Orang orang mulai menjauh. Sehun berpikir untuk mengikuti mereka, tapi menulis di suratnya bahwa pria itu akan menemui Sehun di stasiun kereta di Forth Worth. Pelan-pelan Sehun berbalik, mencari-cari calon suaminya di antara sedikit orang yang masih tinggal di stasiun. Bagaimana jika sudah berada di sana ? bagaimana jika pria itu telah melihatnya dan menyadari kekurangannya ? mungkin pria itu berharap Sehun lebih cantik atau berpostur lebih indah. Sehun tidak tinggi, tetapi ia cantik. Jika Yifan memberinya kesempatan, ia dapat membuktikan bahwa ia tidak takut untuk bekerja dengan keras dan jujur.

Sehun menjatuhkan tasnya dan peron itu berderak. Air mata membuat matanya terasa perih. Ia hanya menginginkan hal yang sederhana. Hanya sebuah tempat yang jauh dari kenangan, tempat di mana mimpi buruk tidak bergelayut. Ia memejamkan mata rapat rapat, berusah menghilangkan kekecewaannya.

" Miss Oh? "

Mata Sehun terbuka seiring dengan datangnya suara berat yang membungkusnya seperti selimut hangat di malam musim gugur. Di sela-sela air matanya, ia melihat sosok tubuh pria tinggi memakai mantel panjang. Kehadirannya saja sudah cukup kuat untuk menghalangi sinar matahari di siang hari itu.

Sehun menyeka air matanya, kemudian ia tersenyum, bibirnya bergetar. " Mr. Kim? "

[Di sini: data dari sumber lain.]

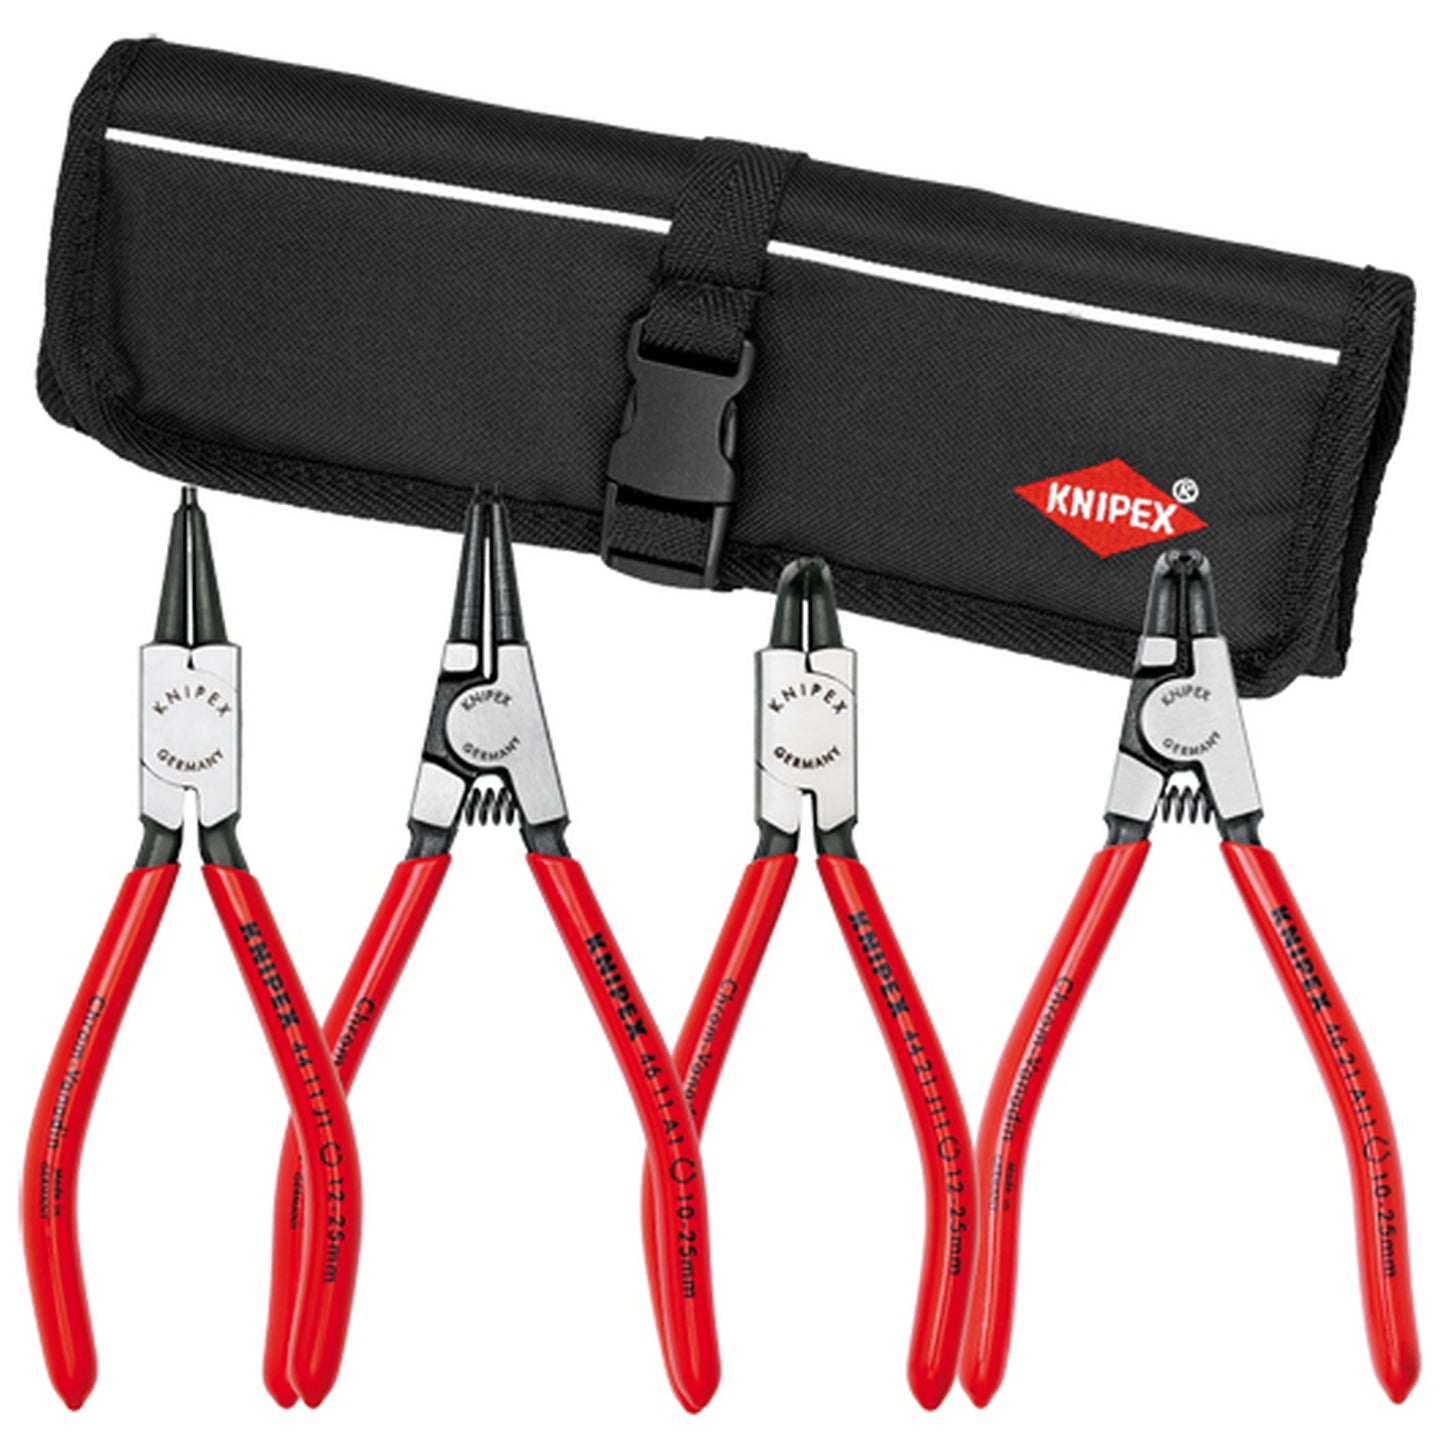 Knipex Snap Ring Pliers Set In Pouch 4 Pieces 9K 00 19 52 US

" Ya, Ma' am. " Perlahan Jongin melepas topi dari kepalanya. Bayangan itu memudar dan muncullah sosok yang tegas dan kuat. Rambut hitamnya pendek, secarik kulit terlipat di dahinya dan melingkari kepalanya.

Sehun sudah melihat banyak prajurit kembali dari perang sehingga Sehun sadar bahwa Mr. Kim memakai penutup mata. Pria itu tidak menulis dalam suratnya bahwa ia telah mengorbankan satu matanya untuk daerah selatan.

Kegelisahan pria itu menimbulkan rasasakit dalam hati Sehun. ingin segera meyakinkannya bahwa itu tidak berarti apapun, Sehun melangkah mendekati pria itu. napasnya tertahan. Ia telah menduga penutup mata itu. ia tidak siap dengan bekas luka ganjil yang membingkai penutup mata itu sampai ke pipi seperti bingkai jelek dari lilin yang meleleh karena sinar matahari. Dengan berurai air mata Sehun mengulurkan tangannya untuk menyentuh bekas luka itu. tangan kekar pria itu menangkap jemari Sehun yang bergetar, menghentikan Sehun menyentuh wajahnya.

" Maafkan aku. " Sehun berbisik sambil mencari kata-kata yang menenangkan. " Aku tidak tahu. Kau tidak menyebutkan... tapi itu tidak penting. Benar-benar tidak penting. Aku sangat bersyukur... "

"Aku bukan Yifan. " Kata Jongin lirih sambil melepaskan tangan Sehun. " Aku Jongin. Kaki Yifan patah dan tidak bisa pergi. Dia menyuruhku untuk menjemputmu. " Ia merogoh sakunya dan menarik secarik kain bordir yang Sehun kenali sebagai benda yang ia kirimkan pada Yifan. " Dia juga mengirim ini supaya kau tahu bahwa kau aman bersamaku. "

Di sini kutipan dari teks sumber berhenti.